Oeuvre au noir
De l'envols amers des pensées fugaces,
Lorsque de la nuit naissent les premières traces,
S'échappe parfois du temps et de l'espace,
Le vent de la mer, l'instant d'une grâce...
De ces rêves surpris aux heures de solitude
Surgit l'inatendu oubli de viles habitudes.
De celles qui laissent le temps filer
Aux droits abîmes d'abrupts glaciers.
La couleur laisse alors la place au gravures passées,
Aux blancs éteints des noirs compassés.
Les mots se parent de voyelles éteintes,
Las de la lumière que les voiles étreintent.
D'étranges souvenirs se mirent au mercure des tains,
De consonnes sombres aux sonorités d'airain ;
Laissant le temps se parer de couleurs imaginées,
L'esprit se fondre aux teintes à jamais fantasmées.
L'or et l'argent du velours des eaux profondes
Se tendent au gré du stylet sourd et résonant de l'onde ;
Le trait file sur le grain bistre du papier,
L'encre coule au chemin des pleins et déliés.

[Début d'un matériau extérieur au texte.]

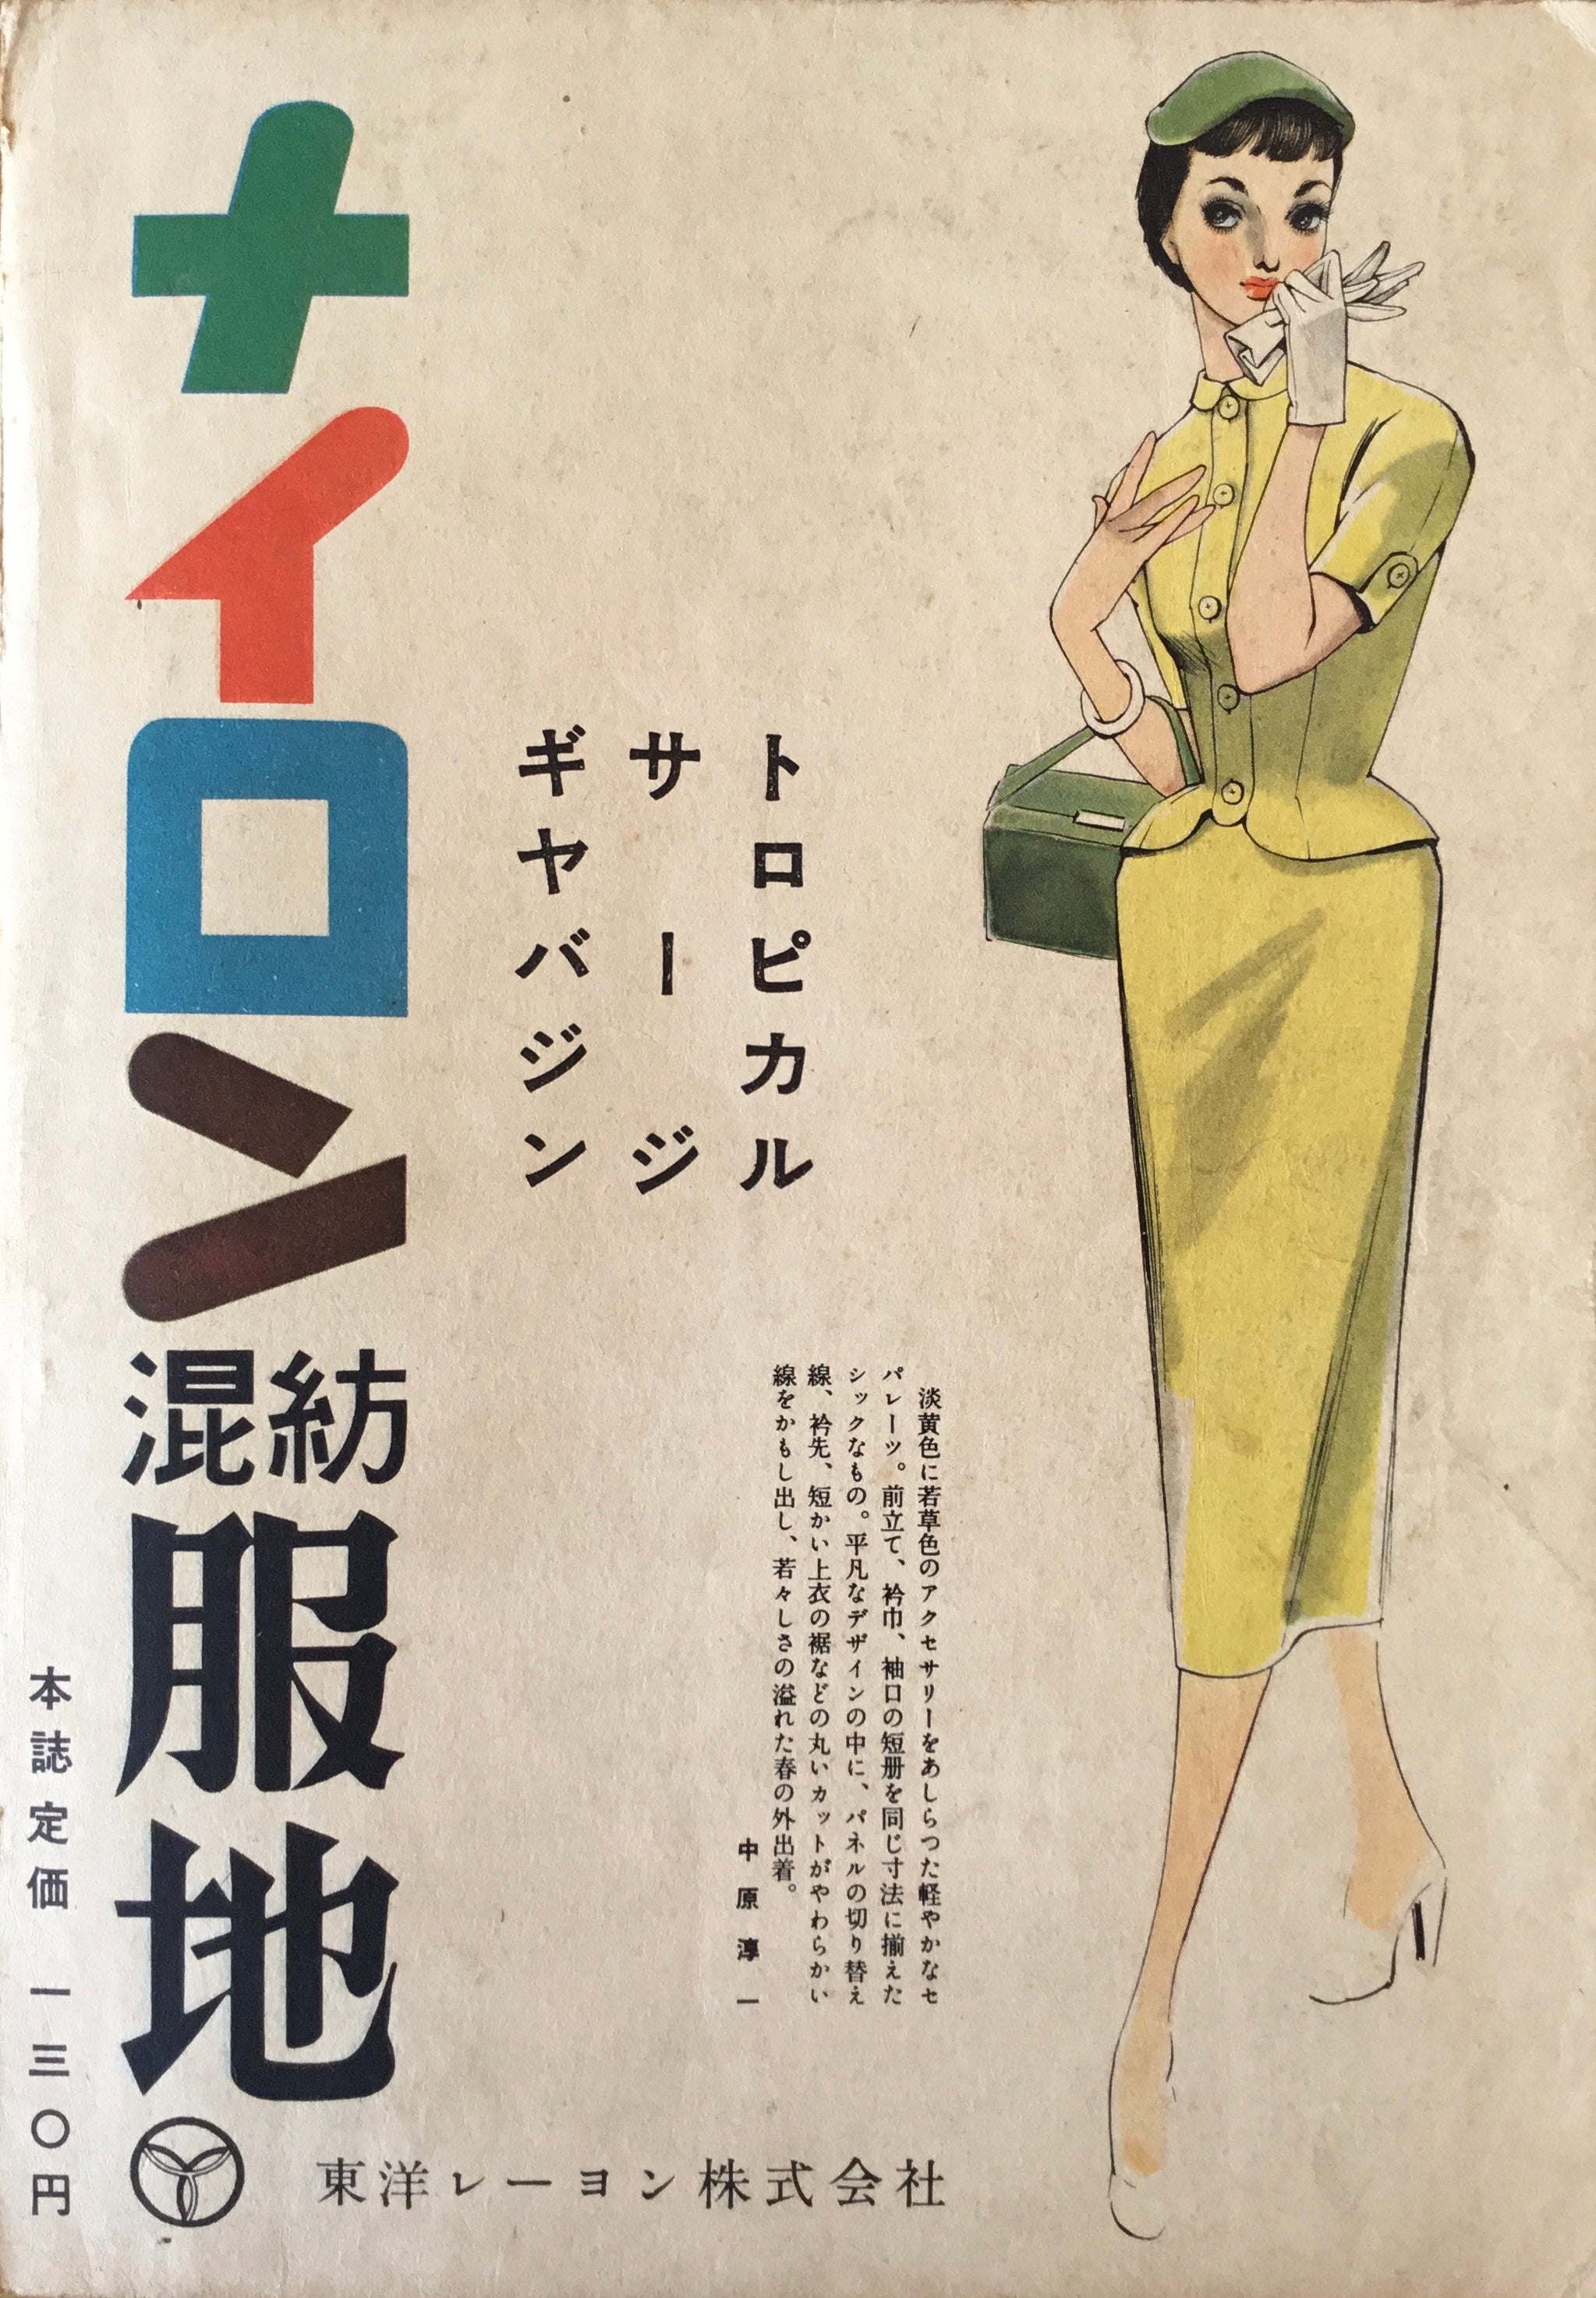 月刊 それいゆ 昭和29年 3月号 – smokebooks shop

Du végétal ne reste que le gris de la cendre,
Le cri guttural de la louve à l'ambre.
Des yeux mordorés, de l'argent pâle ;
Du noir bistre des nuages, la part animale.
Et lorsque le coeur des marbres froids s'enflamme,
Sous le vernis polissé du granit à l'entame,
Naît alors un feu plus torride encore que les rayons dardés
Des arides et flamboyants soleils d'été.
Issu de ces noirs dessins, le monde se révèle à l'âme,
L'onde renaît au désir et à la flamme.
De la cendre au fusain embrasé sous les doigts,
L'eau goutte et d'aquerelle teinte l'effroi.
Dors, Ô mon heureuse progéniture,
Le noir n'est rien qu'un révélateur d'écriture ;
Un lien entre l'ici et l'au-delà du ciel
Une oeuvre en soit, essentielle.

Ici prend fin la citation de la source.